Катерина её не боялась, но даже в самом страшном сне не могла предположить, что та настолько болезненна и невыносима. Никогда ей в голову не приходило, что кости могут как будто сами ломаться изнутри, что кровь может кипеть в артериях и венах, будто стремясь вырваться наружу, что боль может настолько обессиливать. Даже самая страшная морфиновая ломка вряд ли могла сравниться с теми ощущениями, что приносила Чума.
От Чумы нет лекарства, это она знала точно. Вот только убивала эта болезнь не сразу, а предпочитала помучить.
Но разве можно так? Видимо, можно, ведь болезнь от Земли, а Земля, как и всякая мать, любит своих детей. А любовь, как известно, может быть очень разной.
Последнее, что она помнила, — жуткий холод, а ещё — отголосок собственной мысли, которая вроде бы сводилась к тому, что если бы она, Катерина, была смертью, то у смерти непременно была бы лёгкая рука.
* * *
Сон вдруг вытолкнул её из собственных мягких объятий, и Катерине моментально стало холодно и страшно. Вот только больно отчего-то не было, и это не-чувство было донельзя непривычным, ведь она привыкла носить боль за пазухой изо дня в день и коротать с ней ночи.
Она открыла глаза, привычно заслоняя лицо ладонью — чтобы свет не бил в глаза, но никакого света не было. Вокруг было темно.
— Я проснулась в могиле, — сказала вслух Катерина. — Я заболела, потом перестала дышать, и меня похоронили. Странно только, что Ласка не вмешалась. Она же всегда точно знает, жив человек или мёртв.
В одном романе Катерина читала, что оказавшемуся заживо погребённым следует не расходовать кислород, пытаясь позвать на помощь. Вместо этого нужно попытаться ударить ногами о крышку гроба, разломать её, разрыть руками землю и вырваться наружу.
Согнуть ноги в коленях оказалось легко, но, попытавшись ударить ими о деревянную поверхность, Катерина вдруг перекувыркнулась в воздухе и повисла вниз головой.

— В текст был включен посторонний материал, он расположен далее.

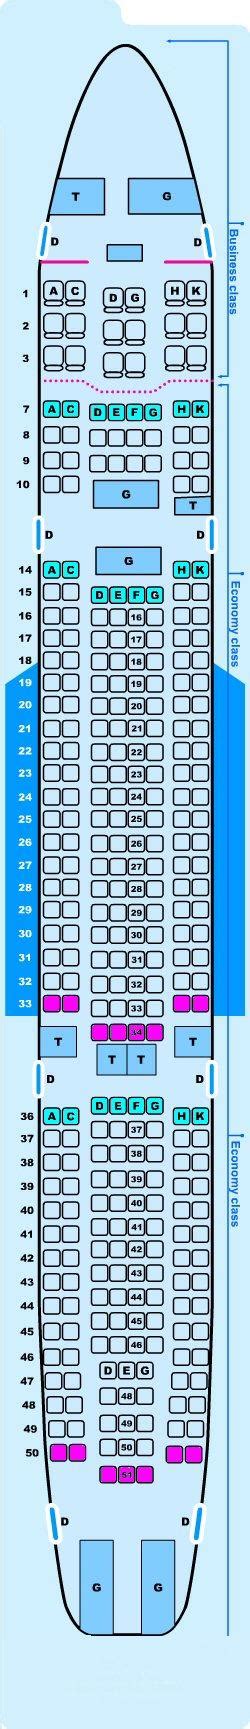 Delta Airbus A Seat Map Updated Find The Best Seat

— Я не в могиле, — сообразила она. — Но где же?
В темноте решительно ничего не было видно, и Катерина запаниковала было, но вдруг успокоилась: похоже, она всё-таки мертва. У живых, зависших вниз головой, кровь приливает к мозгу, им плохо делается, а тут...
Внизу едва заметно блеснул еле различимый огонёчек, и Катерина поспешила снова перевернуться. Вдруг ей нужно следовать за ним? Увы, огонёк был мнимым, не дававшим на самом деле ни тепла ни света.
— Ничего себе, — подумала она. — Похоже, я в аду.
— Называть это место адом и Промежутком — Табу, — кривляясь, сказал кто-то. Из темноты вдруг выпрыгнула худенькая большеглазая девушка с недобрым лицом.
“Такая в глотку вцепится и нескоро отпустит”, — Катерине вдруг стало смешно: а ну как незнакомка и впрямь за этим пришла?
— Меня зовут Айя, — совершенно нормальным голосом сказала девушка. — Я сестра Пурпура и Янтаря, а ты, стало быть...
— Что?
— Интересно, что же творится с Создателем, если он сотворил тебя такую! Дочь Сирени и Пурпура, надо же! Сообщу о тебе госпоже, пожалуй.
— Госпоже? Да объясни же наконец, где я и что тут происходит! — не выдержала Катерина.
— Ты задаёшь вопросы, на которые невозможно дать ответ, — кажется, Айя едва удержалась, чтобы не высунуть язык, — это не место. Это состояние. Твой личный ад, если угодно. Только создала его себе не ты, а тот, кто тебя придумал. У тебя случайно нет никакого знакомого кукольника?
— Случайно есть, — мрачно сказала Катерина. Никогда ей не нравился маэстро Марк Бессмертник, но сейчас она искренне ненавидела его. Недаром ведь говорили, что он не просто так пишет сценарии для театральных постановок, но ни много ни мало создаёт для города будущее...
— Что-то с ним происходит такое, что его мечты то сменяют друг друга, словно картинки в калейдоскопе, то погибают в страшных муках. Судя по тому, что ты появилась в этом, с позволения сказать, месте именно сейчас, наталкивает на размышления, да...
— Сирень и Пурпур — что это значит?
— Это и есть твой жизненный сценарий. Пурпур — это Гнев и Ярость, Власть и Кара...
“То, чего я хотела, отчаянно завидуя Нине...”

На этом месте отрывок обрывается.